Feng M, Zhong Y P, Liu T, Yan L L, Yang W L, Twamley J, Wang H
State Key Laboratory of Magnetic Resonance and Atomic and Molecular Physics, Wuhan Institute of Physics and Mathematics, Chinese Academy of Sciences, Wuhan 430071, China.
Department of Physics, Zhejiang University, Hangzhou 310027, China.
Nat Commun. 2015 May 14;6:7111. doi: 10.1038/ncomms8111.

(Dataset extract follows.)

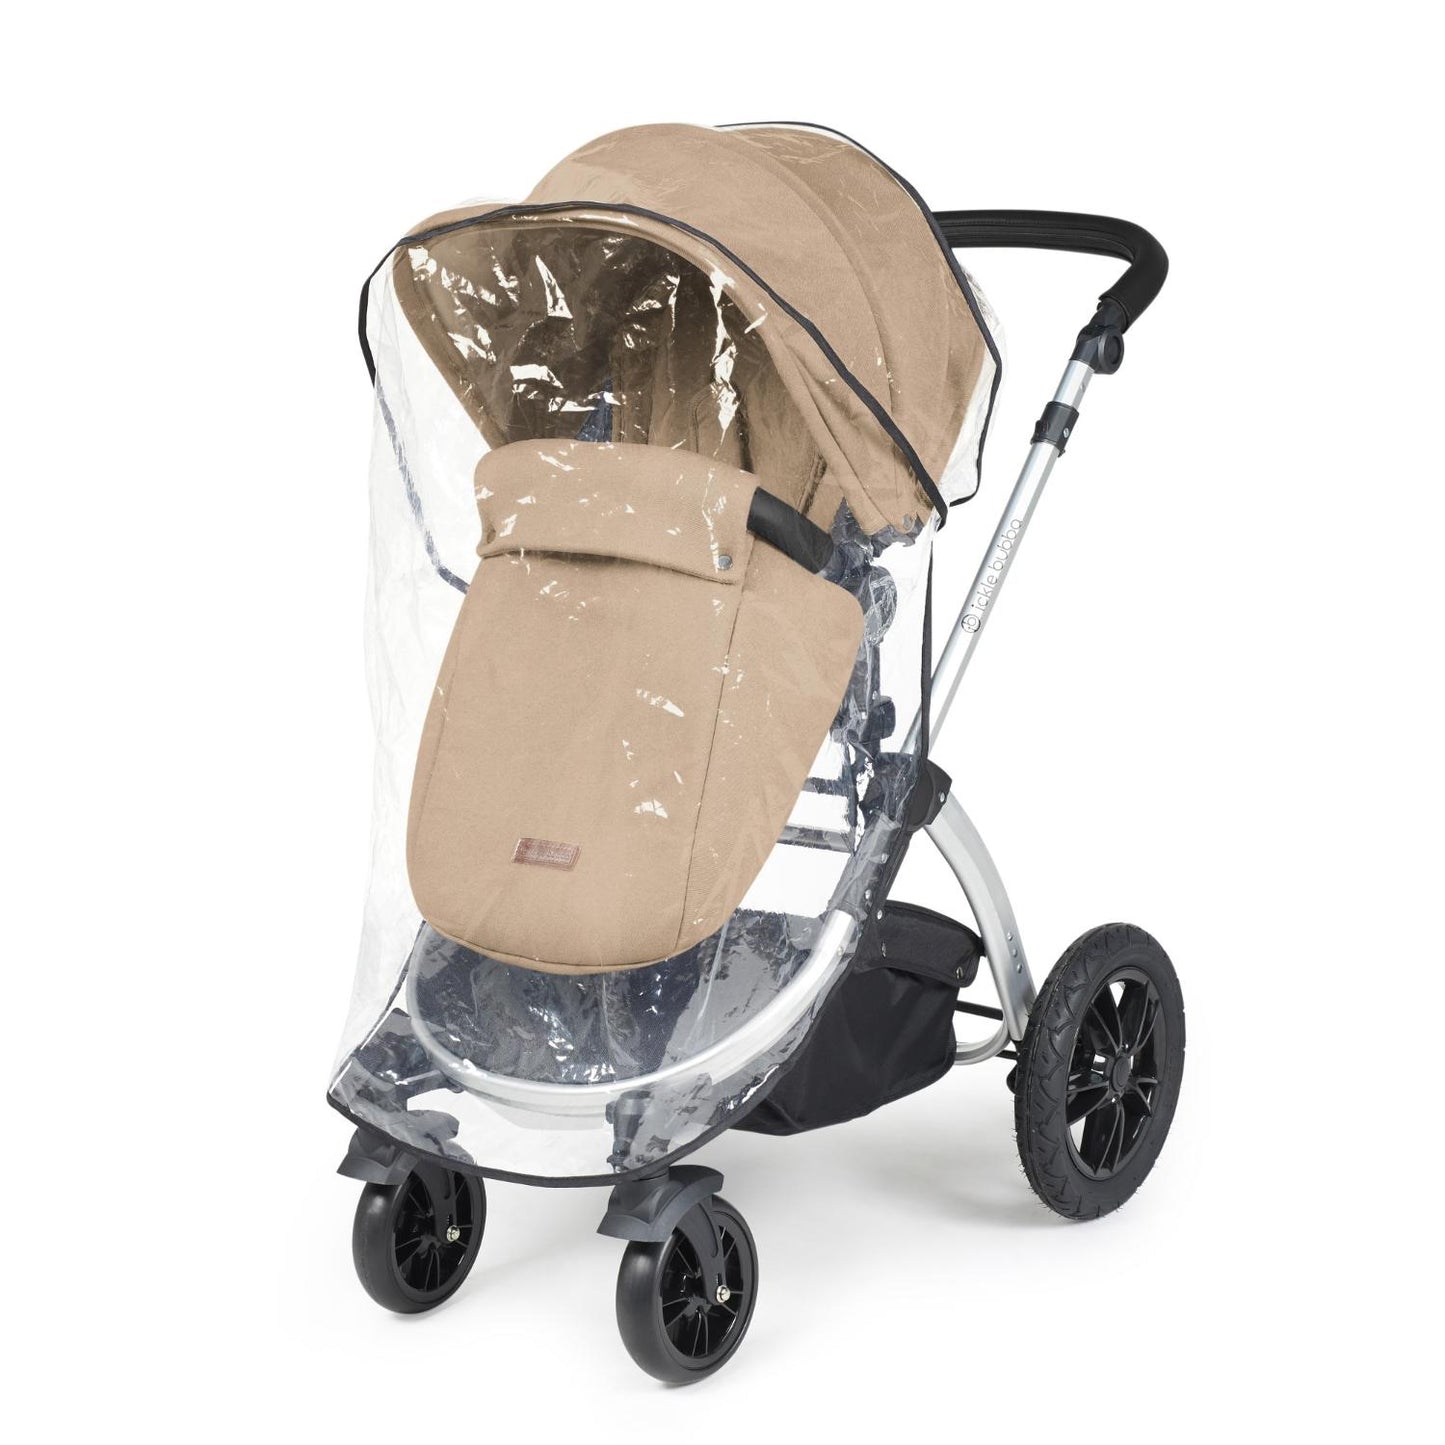 Rain cover placed on an Ickle Bubba Stomp Luxe Pushchair in Desert beige colour with silver chassis
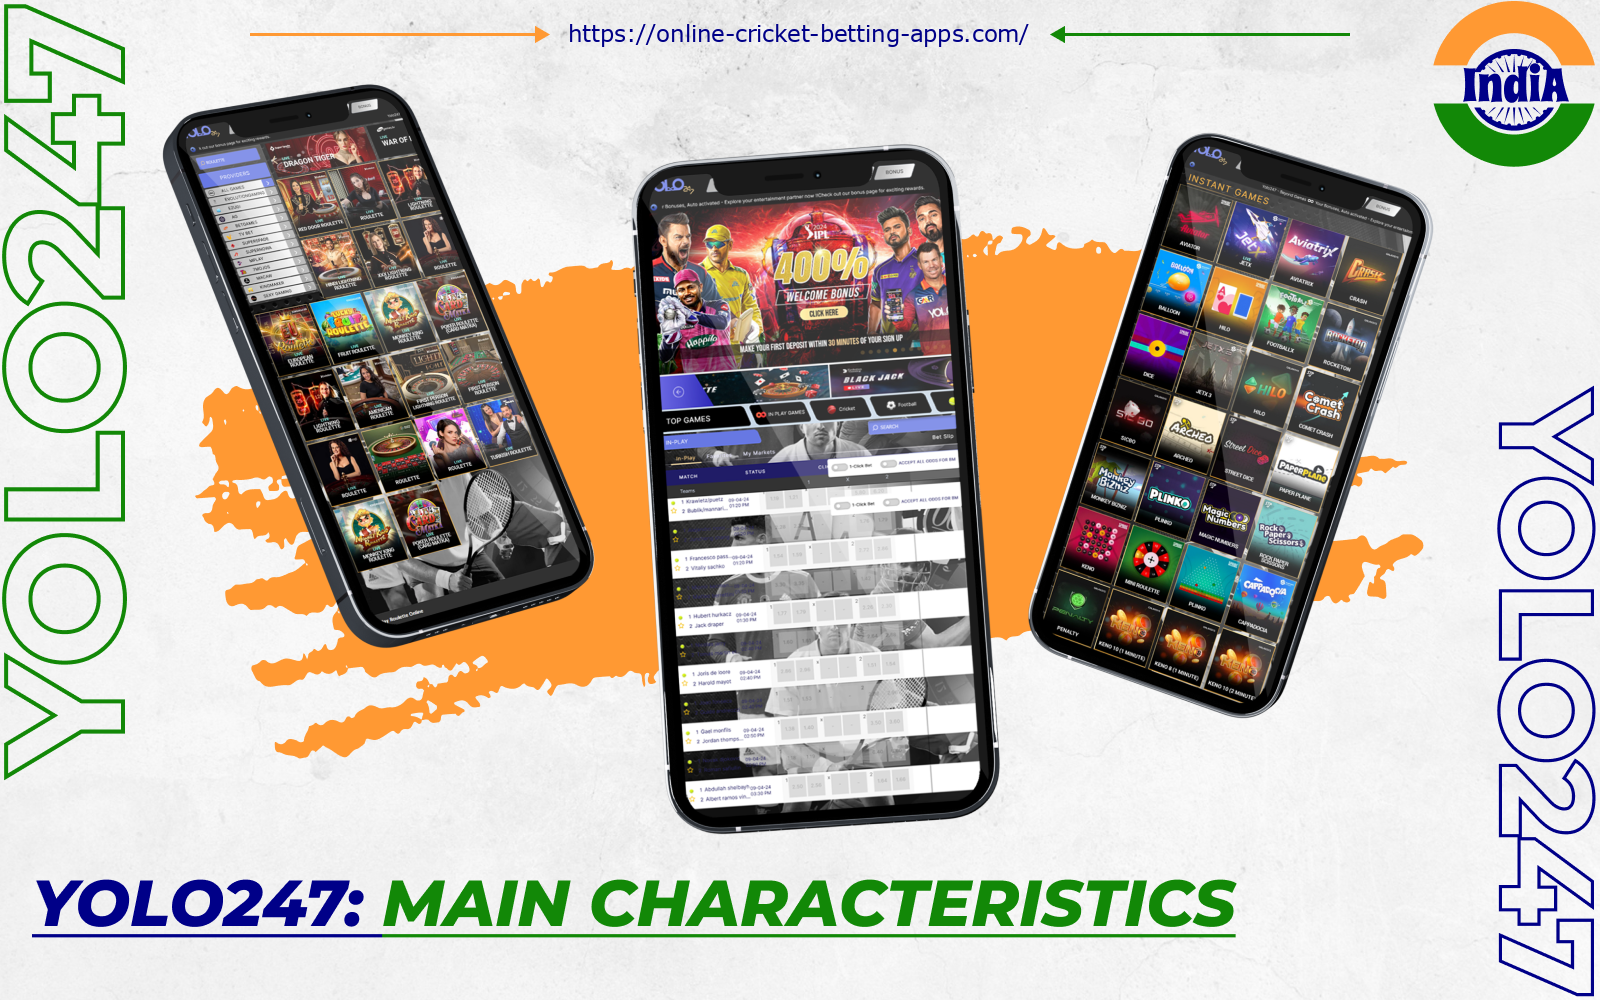 By downloading the Yolo247 mobile app, players from India will have in their pocket a complete set of tools required for betting on all popular sports disciplines as well as casino games

Quantum phase transitions play an important role in many-body systems and have been a research focus in conventional condensed-matter physics over the past few decades. Artificial atoms, such as superconducting qubits that can be individually manipulated, provide a new paradigm of realising and exploring quantum phase transitions by engineering an on-chip quantum simulator. Here we demonstrate experimentally the quantum critical behaviour in a highly controllable superconducting circuit, consisting of four qubits coupled to a common resonator mode. By off-resonantly driving the system to renormalize the critical spin-field coupling strength, we have observed a four-qubit nonequilibrium quantum phase transition in a dynamical manner; that is, we sweep the critical coupling strength over time and monitor the four-qubit scaled moments for a signature of a structural change of the system's eigenstates. Our observation of the nonequilibrium quantum phase transition, which is in good agreement with the driven Tavis-Cummings theory under decoherence, offers new experimental approaches towards exploring quantum phase transition-related science, such as scaling behaviours, parity breaking and long-range quantum correlations.
量子相变在多体系统中起着重要作用,并且在过去几十年一直是传统凝聚态物理的研究重点。人工原子,例如可单独操控的超导量子比特,通过构建片上量子模拟器为实现和探索量子相变提供了一种新的范例。在此,我们通过实验证明了在一个高度可控的超导电路中的量子临界行为,该电路由四个耦合到一个公共谐振器模式的量子比特组成。通过非共振驱动系统来重整临界自旋 - 场耦合强度,我们以动态方式观测到了一个四量子比特非平衡量子相变;也就是说,我们随时间扫描临界耦合强度,并监测四量子比特的标度矩以寻找系统本征态结构变化的特征。我们对非平衡量子相变的观测结果与退相干下的驱动塔维斯 - 卡明斯理论高度吻合,为探索与量子相变相关的科学,如标度行为、宇称破缺和长程量子关联,提供了新的实验方法。